> Exercise objective
The response should consist of the data below, copied exactly, with no pictures in it.

> Available data

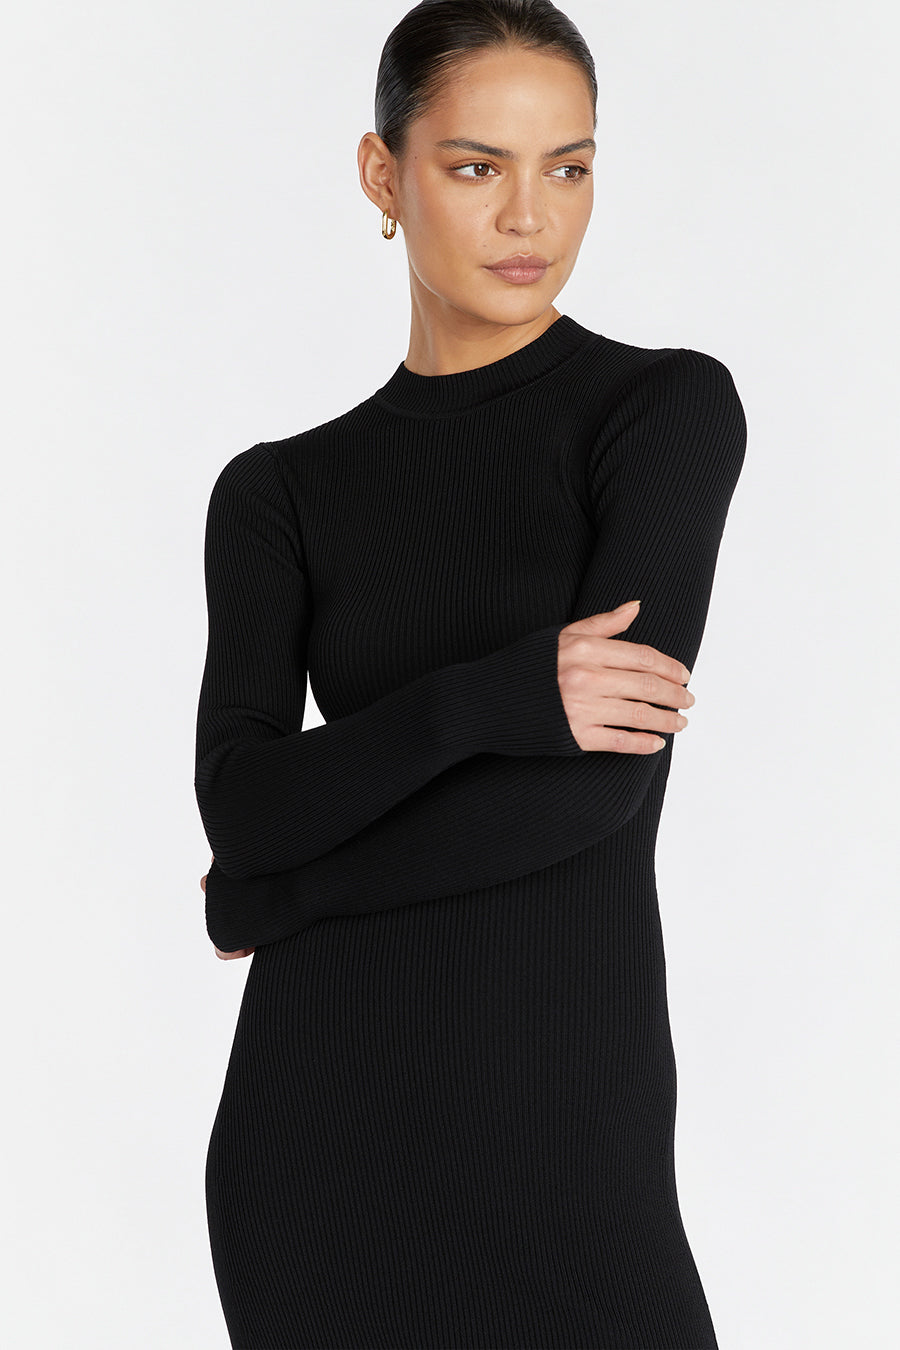 Buy Black Dresses for Women by Sqew Online | Ajio.com
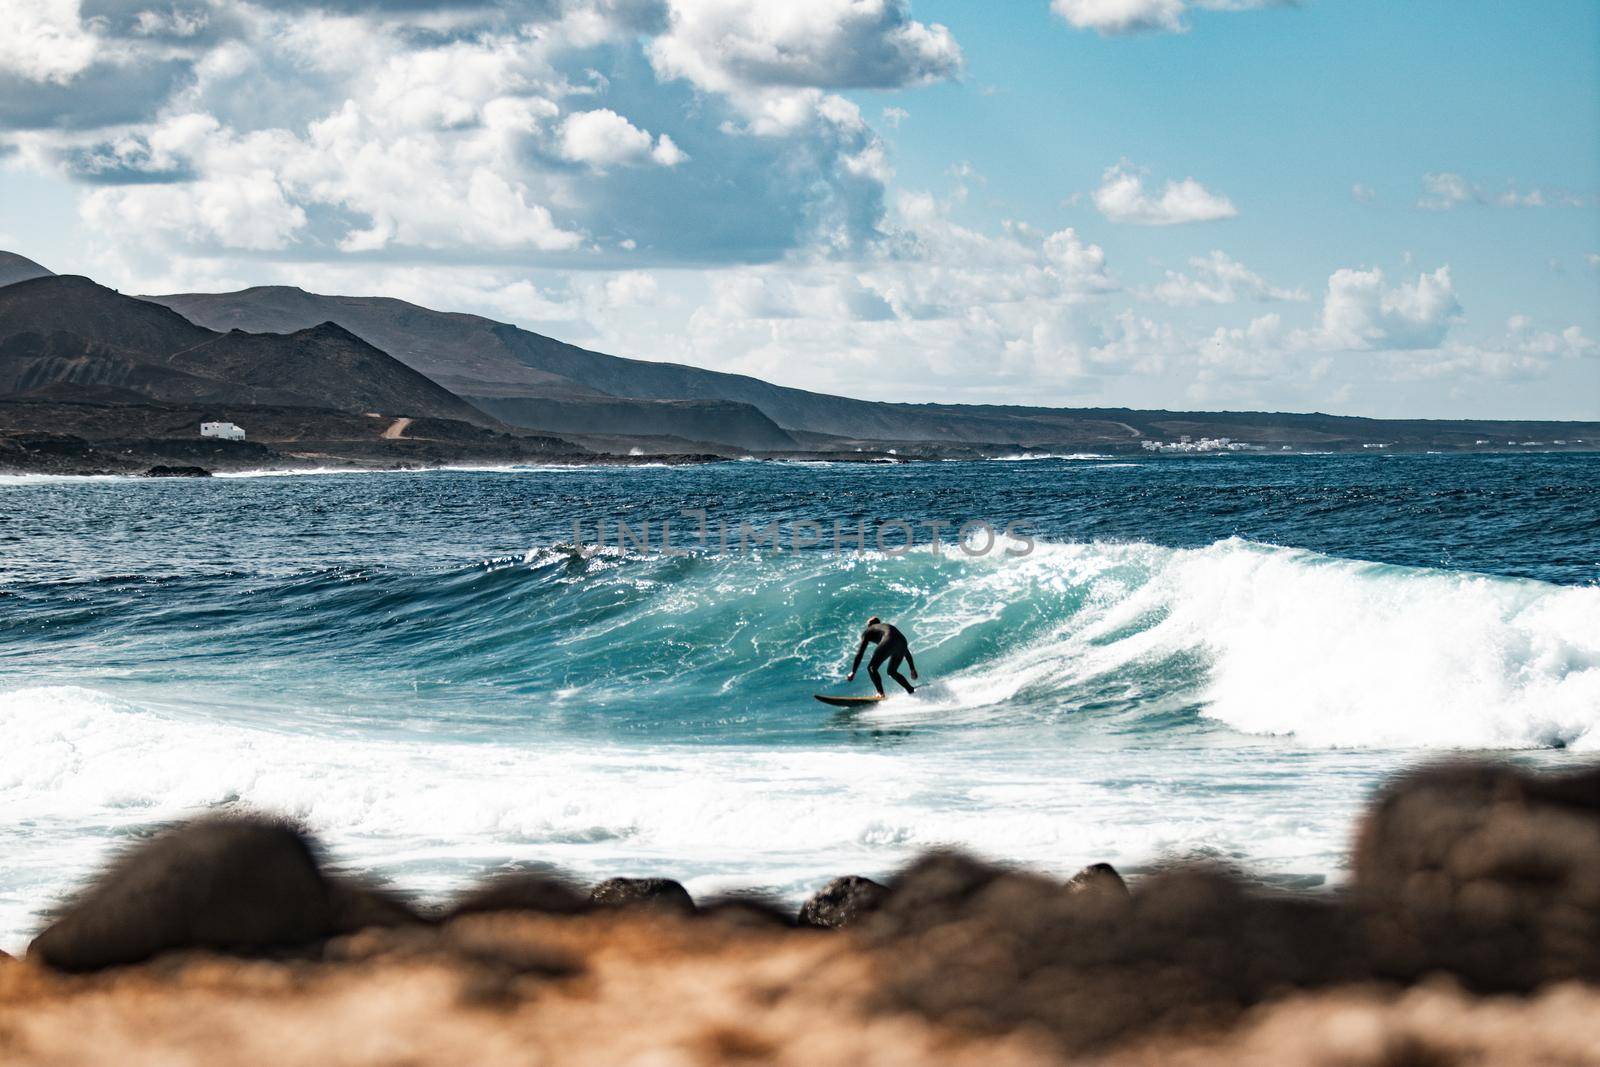 Wild rocky coastline of surf spot La Santa Lanzarote, Canary Islands, Spain. Surfer riding a big wave in rocky bay, volcano mountain in background
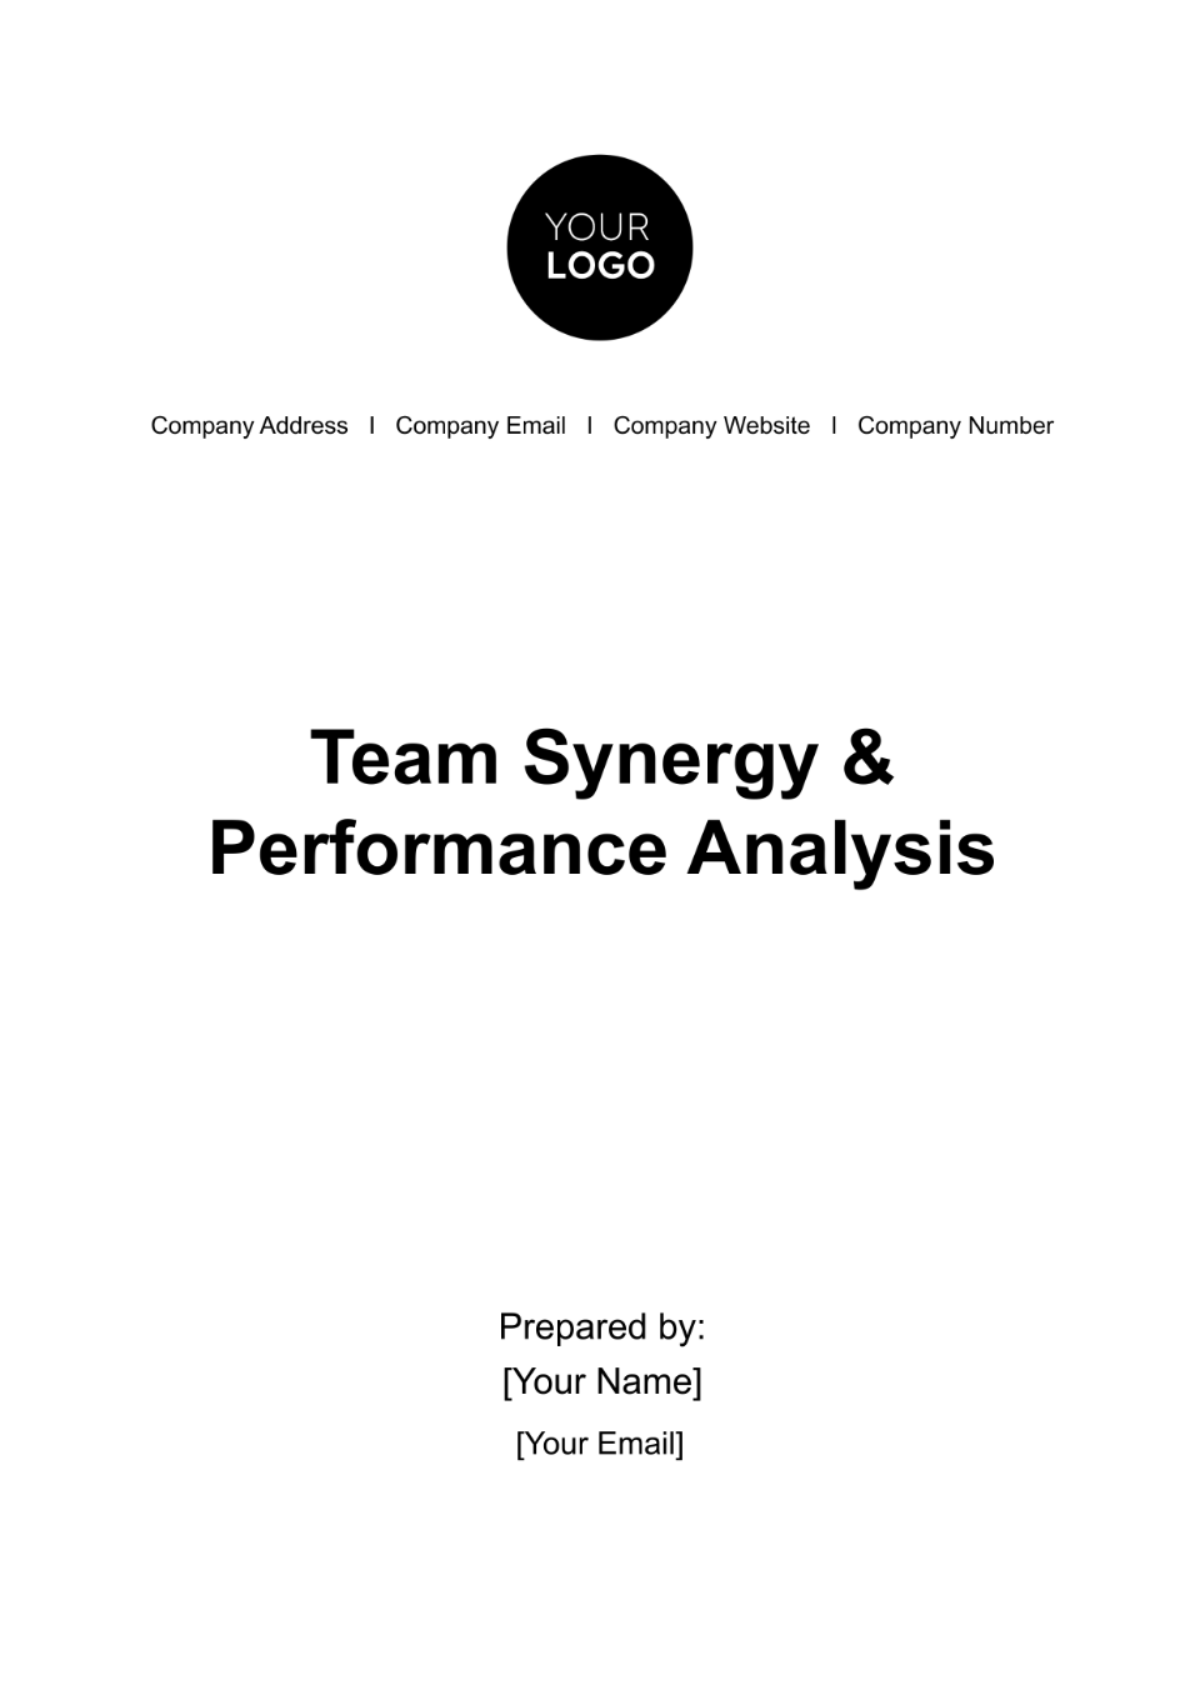 Free Team Synergy & Performance Analysis HR Template
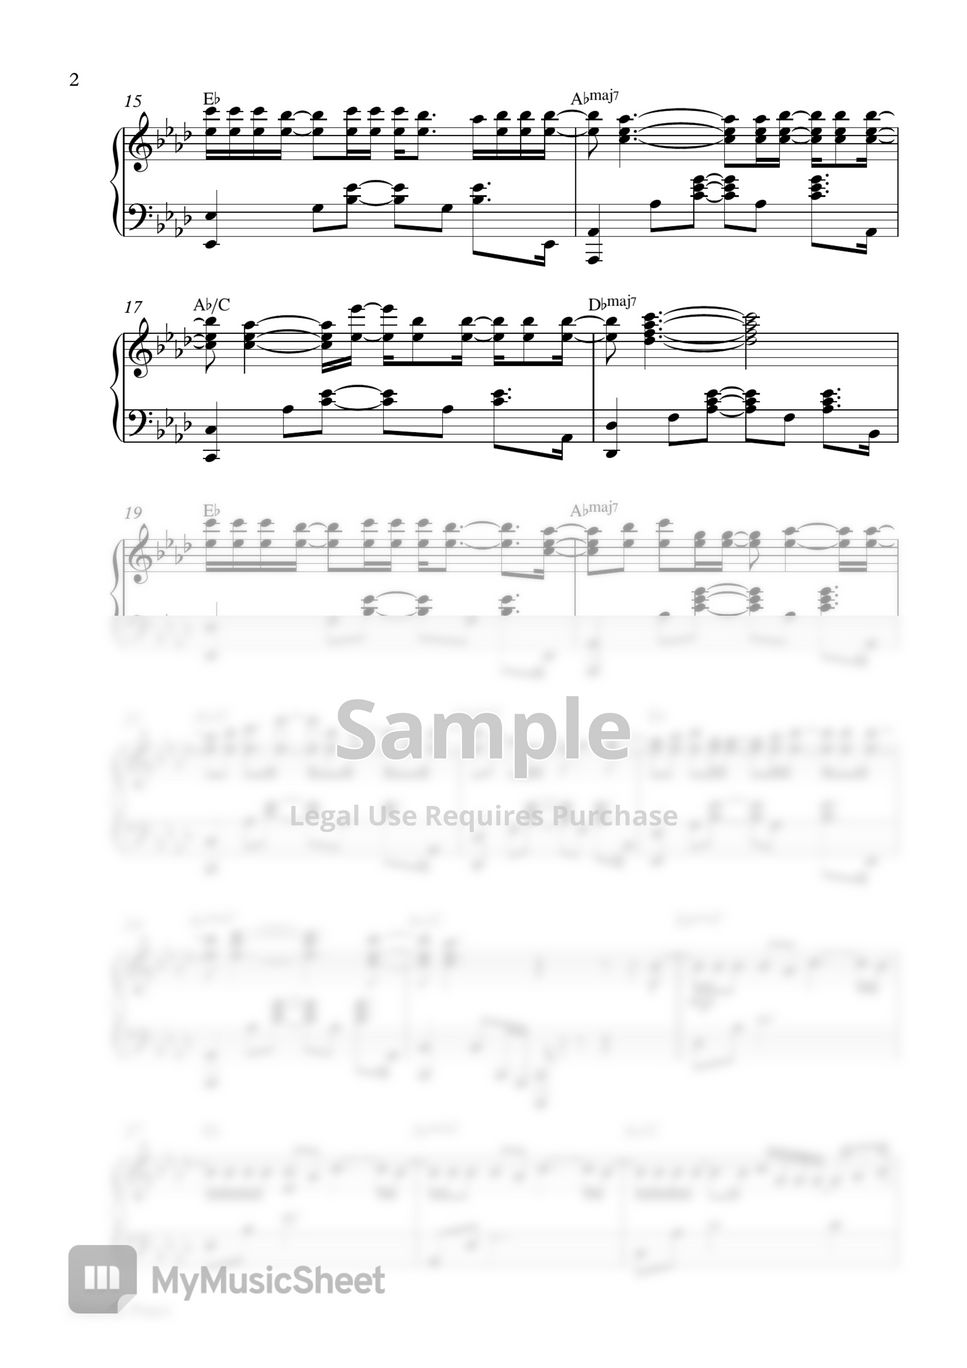 TXT - Magic (Piano Sheet) by Pianella Piano

> Reply
 Buy Black Dresses for Women by Sqew Online | Ajio.com
 Wild rocky coastline of surf spot La Santa Lanzarote, Canary Islands, Spain. Surfer riding a big wave in rocky bay, volcano mountain in background
 Free Team Synergy & Performance Analysis HR Template
 TXT - Magic (Piano Sheet) by Pianella Piano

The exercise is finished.